- Instructions for the task
Please retype the records below exactly, from the first line down to and including the line with "Помпа для воды озон.".

- Supplied data
═══
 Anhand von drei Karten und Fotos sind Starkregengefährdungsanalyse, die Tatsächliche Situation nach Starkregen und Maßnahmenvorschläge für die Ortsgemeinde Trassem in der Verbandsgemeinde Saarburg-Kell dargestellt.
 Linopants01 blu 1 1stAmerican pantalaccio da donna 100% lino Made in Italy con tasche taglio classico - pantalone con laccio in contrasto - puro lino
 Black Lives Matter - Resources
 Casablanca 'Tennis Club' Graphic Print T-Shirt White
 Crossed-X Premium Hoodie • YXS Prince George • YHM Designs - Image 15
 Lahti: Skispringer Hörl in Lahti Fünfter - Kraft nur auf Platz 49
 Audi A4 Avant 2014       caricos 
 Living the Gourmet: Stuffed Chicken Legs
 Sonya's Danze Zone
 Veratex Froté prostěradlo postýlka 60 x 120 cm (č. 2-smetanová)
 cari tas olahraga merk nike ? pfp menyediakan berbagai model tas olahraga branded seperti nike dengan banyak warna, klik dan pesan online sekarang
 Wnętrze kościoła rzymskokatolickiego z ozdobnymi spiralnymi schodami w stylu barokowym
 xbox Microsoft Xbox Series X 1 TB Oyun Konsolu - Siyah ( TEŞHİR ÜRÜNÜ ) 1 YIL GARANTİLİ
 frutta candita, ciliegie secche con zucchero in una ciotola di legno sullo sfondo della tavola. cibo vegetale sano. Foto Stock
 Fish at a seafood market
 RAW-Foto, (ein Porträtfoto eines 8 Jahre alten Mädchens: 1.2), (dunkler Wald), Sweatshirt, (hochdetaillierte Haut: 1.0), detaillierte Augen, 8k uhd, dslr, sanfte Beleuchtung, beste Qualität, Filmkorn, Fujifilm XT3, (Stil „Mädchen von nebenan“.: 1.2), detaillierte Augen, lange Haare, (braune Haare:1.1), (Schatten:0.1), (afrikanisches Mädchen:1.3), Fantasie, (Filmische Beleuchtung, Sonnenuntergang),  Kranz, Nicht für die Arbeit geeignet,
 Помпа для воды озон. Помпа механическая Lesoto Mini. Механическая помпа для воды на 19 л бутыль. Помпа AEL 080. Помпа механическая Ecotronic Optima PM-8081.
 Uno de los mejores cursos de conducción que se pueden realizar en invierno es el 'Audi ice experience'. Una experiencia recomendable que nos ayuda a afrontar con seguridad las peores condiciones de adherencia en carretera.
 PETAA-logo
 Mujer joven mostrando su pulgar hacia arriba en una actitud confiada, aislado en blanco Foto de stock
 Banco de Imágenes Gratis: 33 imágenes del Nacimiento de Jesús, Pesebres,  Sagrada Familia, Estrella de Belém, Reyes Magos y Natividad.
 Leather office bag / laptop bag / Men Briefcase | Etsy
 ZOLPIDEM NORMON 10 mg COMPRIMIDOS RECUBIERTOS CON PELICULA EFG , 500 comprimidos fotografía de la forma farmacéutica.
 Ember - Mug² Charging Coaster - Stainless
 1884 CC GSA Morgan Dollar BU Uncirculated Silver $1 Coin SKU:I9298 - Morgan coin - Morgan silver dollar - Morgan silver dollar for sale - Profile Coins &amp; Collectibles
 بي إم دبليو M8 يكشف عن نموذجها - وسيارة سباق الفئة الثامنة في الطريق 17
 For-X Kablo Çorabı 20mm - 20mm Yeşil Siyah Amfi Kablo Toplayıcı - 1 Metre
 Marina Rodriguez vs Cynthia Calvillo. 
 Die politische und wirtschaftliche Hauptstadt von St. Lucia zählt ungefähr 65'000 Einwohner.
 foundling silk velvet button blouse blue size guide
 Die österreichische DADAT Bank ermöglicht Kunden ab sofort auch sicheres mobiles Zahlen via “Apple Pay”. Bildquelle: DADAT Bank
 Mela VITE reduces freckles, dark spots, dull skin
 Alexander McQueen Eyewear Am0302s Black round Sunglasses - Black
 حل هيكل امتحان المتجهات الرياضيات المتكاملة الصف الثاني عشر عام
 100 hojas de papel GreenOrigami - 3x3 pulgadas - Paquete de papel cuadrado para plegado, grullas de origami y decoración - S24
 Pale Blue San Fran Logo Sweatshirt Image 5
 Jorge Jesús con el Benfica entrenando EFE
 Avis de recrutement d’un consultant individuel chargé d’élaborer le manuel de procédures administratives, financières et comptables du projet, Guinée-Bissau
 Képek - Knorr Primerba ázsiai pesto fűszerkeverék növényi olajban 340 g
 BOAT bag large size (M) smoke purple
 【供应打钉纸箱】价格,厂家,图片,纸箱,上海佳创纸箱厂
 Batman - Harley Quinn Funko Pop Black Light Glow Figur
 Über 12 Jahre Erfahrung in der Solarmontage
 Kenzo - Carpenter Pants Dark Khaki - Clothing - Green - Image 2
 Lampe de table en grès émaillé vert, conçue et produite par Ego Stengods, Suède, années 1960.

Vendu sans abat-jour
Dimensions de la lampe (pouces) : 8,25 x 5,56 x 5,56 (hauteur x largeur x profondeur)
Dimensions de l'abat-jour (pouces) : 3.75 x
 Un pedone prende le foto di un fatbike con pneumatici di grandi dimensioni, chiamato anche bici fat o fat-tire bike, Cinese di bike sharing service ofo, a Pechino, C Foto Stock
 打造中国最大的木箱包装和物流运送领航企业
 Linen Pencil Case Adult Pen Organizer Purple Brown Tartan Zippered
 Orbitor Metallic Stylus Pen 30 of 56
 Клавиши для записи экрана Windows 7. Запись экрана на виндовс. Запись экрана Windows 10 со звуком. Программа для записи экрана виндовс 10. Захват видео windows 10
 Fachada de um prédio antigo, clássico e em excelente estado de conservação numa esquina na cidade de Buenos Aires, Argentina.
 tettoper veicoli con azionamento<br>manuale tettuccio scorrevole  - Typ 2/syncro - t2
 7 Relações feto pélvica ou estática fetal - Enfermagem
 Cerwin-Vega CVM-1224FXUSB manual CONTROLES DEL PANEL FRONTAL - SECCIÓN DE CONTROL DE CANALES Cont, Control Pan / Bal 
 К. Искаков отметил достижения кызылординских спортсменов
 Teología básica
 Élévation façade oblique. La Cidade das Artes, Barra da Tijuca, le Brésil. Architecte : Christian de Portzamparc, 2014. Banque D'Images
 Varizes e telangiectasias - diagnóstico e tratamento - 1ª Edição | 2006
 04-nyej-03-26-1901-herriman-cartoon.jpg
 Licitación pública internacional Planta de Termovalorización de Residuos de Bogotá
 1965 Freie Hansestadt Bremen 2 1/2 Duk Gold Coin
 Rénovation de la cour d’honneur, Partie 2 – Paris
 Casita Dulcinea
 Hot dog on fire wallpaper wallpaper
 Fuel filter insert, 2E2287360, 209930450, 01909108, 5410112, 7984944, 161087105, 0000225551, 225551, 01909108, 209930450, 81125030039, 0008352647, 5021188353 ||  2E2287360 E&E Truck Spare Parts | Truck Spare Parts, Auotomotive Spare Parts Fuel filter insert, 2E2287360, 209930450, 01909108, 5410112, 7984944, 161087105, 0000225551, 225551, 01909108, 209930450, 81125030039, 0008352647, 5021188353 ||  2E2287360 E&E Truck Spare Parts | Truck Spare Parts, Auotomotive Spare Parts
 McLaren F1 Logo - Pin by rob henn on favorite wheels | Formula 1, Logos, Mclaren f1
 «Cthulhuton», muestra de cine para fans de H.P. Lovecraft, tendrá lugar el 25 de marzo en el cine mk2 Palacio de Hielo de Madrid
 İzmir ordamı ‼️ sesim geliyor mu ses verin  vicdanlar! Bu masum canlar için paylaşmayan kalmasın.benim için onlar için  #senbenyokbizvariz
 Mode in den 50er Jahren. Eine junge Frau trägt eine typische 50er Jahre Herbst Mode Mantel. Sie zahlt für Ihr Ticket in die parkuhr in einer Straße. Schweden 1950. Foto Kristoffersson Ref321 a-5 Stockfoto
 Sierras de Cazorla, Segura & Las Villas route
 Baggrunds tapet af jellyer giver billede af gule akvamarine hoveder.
═══
- Completed exercise
 Anhand von drei Karten und Fotos sind Starkregengefährdungsanalyse, die Tatsächliche Situation nach Starkregen und Maßnahmenvorschläge für die Ortsgemeinde Trassem in der Verbandsgemeinde Saarburg-Kell dargestellt.
 Linopants01 blu 1 1stAmerican pantalaccio da donna 100% lino Made in Italy con tasche taglio classico - pantalone con laccio in contrasto - puro lino
 Black Lives Matter - Resources
 Casablanca 'Tennis Club' Graphic Print T-Shirt White
 Crossed-X Premium Hoodie • YXS Prince George • YHM Designs - Image 15
 Lahti: Skispringer Hörl in Lahti Fünfter - Kraft nur auf Platz 49
 Audi A4 Avant 2014       caricos 
 Living the Gourmet: Stuffed Chicken Legs
 Sonya's Danze Zone
 Veratex Froté prostěradlo postýlka 60 x 120 cm (č. 2-smetanová)
 cari tas olahraga merk nike ? pfp menyediakan berbagai model tas olahraga branded seperti nike dengan banyak warna, klik dan pesan online sekarang
 Wnętrze kościoła rzymskokatolickiego z ozdobnymi spiralnymi schodami w stylu barokowym
 xbox Microsoft Xbox Series X 1 TB Oyun Konsolu - Siyah ( TEŞHİR ÜRÜNÜ ) 1 YIL GARANTİLİ
 frutta candita, ciliegie secche con zucchero in una ciotola di legno sullo sfondo della tavola. cibo vegetale sano. Foto Stock
 Fish at a seafood market
 RAW-Foto, (ein Porträtfoto eines 8 Jahre alten Mädchens: 1.2), (dunkler Wald), Sweatshirt, (hochdetaillierte Haut: 1.0), detaillierte Augen, 8k uhd, dslr, sanfte Beleuchtung, beste Qualität, Filmkorn, Fujifilm XT3, (Stil „Mädchen von nebenan“.: 1.2), detaillierte Augen, lange Haare, (braune Haare:1.1), (Schatten:0.1), (afrikanisches Mädchen:1.3), Fantasie, (Filmische Beleuchtung, Sonnenuntergang),  Kranz, Nicht für die Arbeit geeignet,
 Помпа для воды озон. Помпа механическая Lesoto Mini. Механическая помпа для воды на 19 л бутыль. Помпа AEL 080. Помпа механическая Ecotronic Optima PM-8081.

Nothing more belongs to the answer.